Паола сует шоколадку в сумку, целует мать в щеку и выходит. У ворот останавливается автомобиль. Паола еще раз машет маме и, распахнув дверцу, садится в машину.
– Вот она, моя чемпионка!
За рулем ее отец. У него редкие волосы, аккуратная черная бородка с проседью, элегантный костюм. В общем, привлекательный мужчина, хоть и полноват. Машина резко трогается.

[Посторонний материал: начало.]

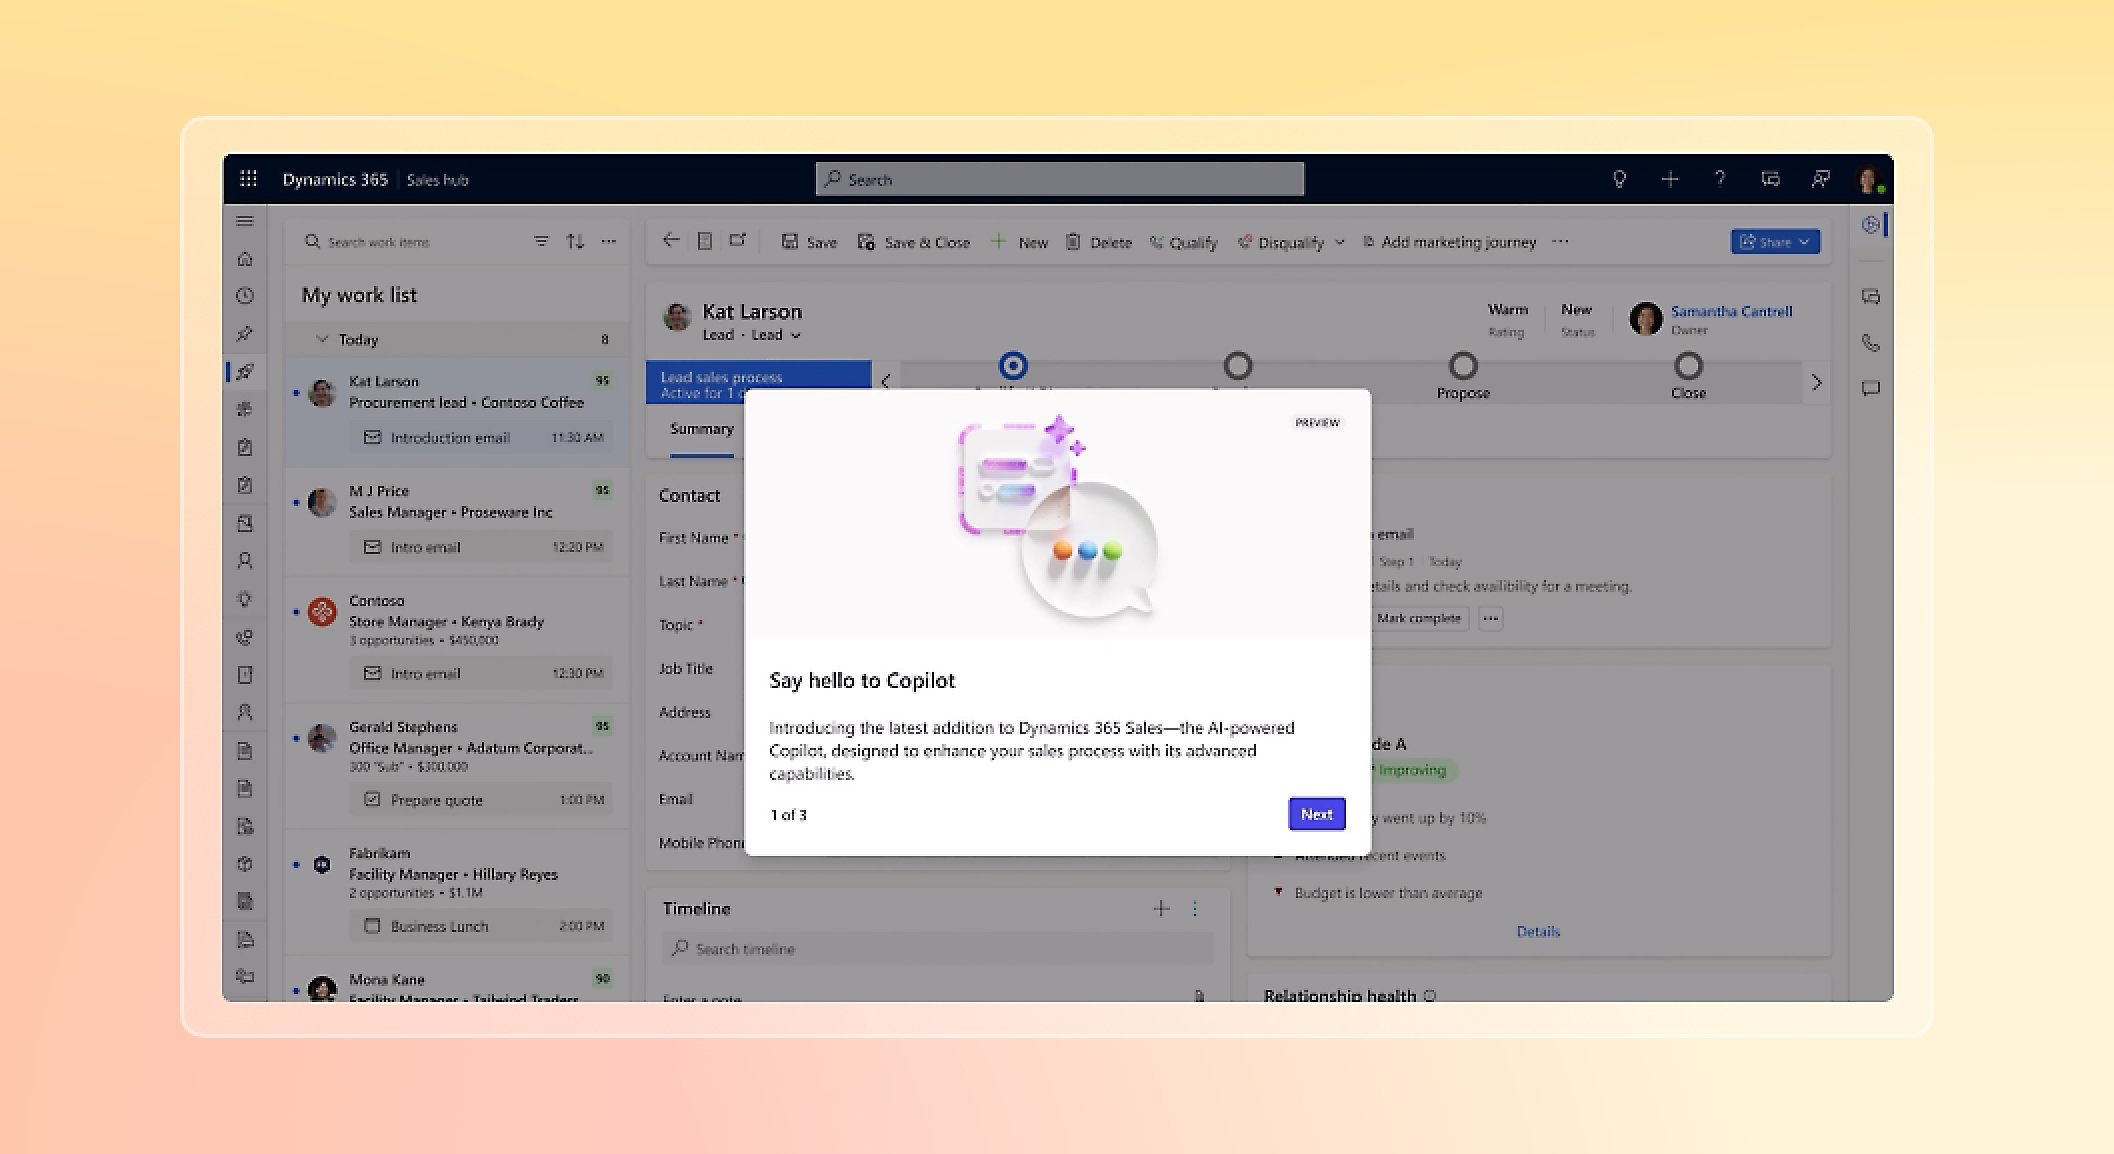 Window open for dynamics 365 and dialog box open for copilot

– Даже с мамой не поздоровался, – тут же хмурится Паола.
– Ну и что? Все равно вечером увидимся.
– Вы в последнее время странно себя ведете.
– В каком смысле странно?
– Не разговариваете, даже не смотрите друг на друга. Между вами словно черная кошка пробежала.
– У меня много работы, Паолина, приходится держать в голове кучу вещей, вот и все…
– Ночуешь часто не дома.
– Всегда так было. И в командировки надолго уезжал. С каких пор это стало проблемой?
– В последнее время это происходит все чаще. Ты вообще не появляешься дома.
– Да брось ты! Все совсем не так!
– Именно так. Вы с мамой расходитесь?
– Да что ты… Что ты себе придумала?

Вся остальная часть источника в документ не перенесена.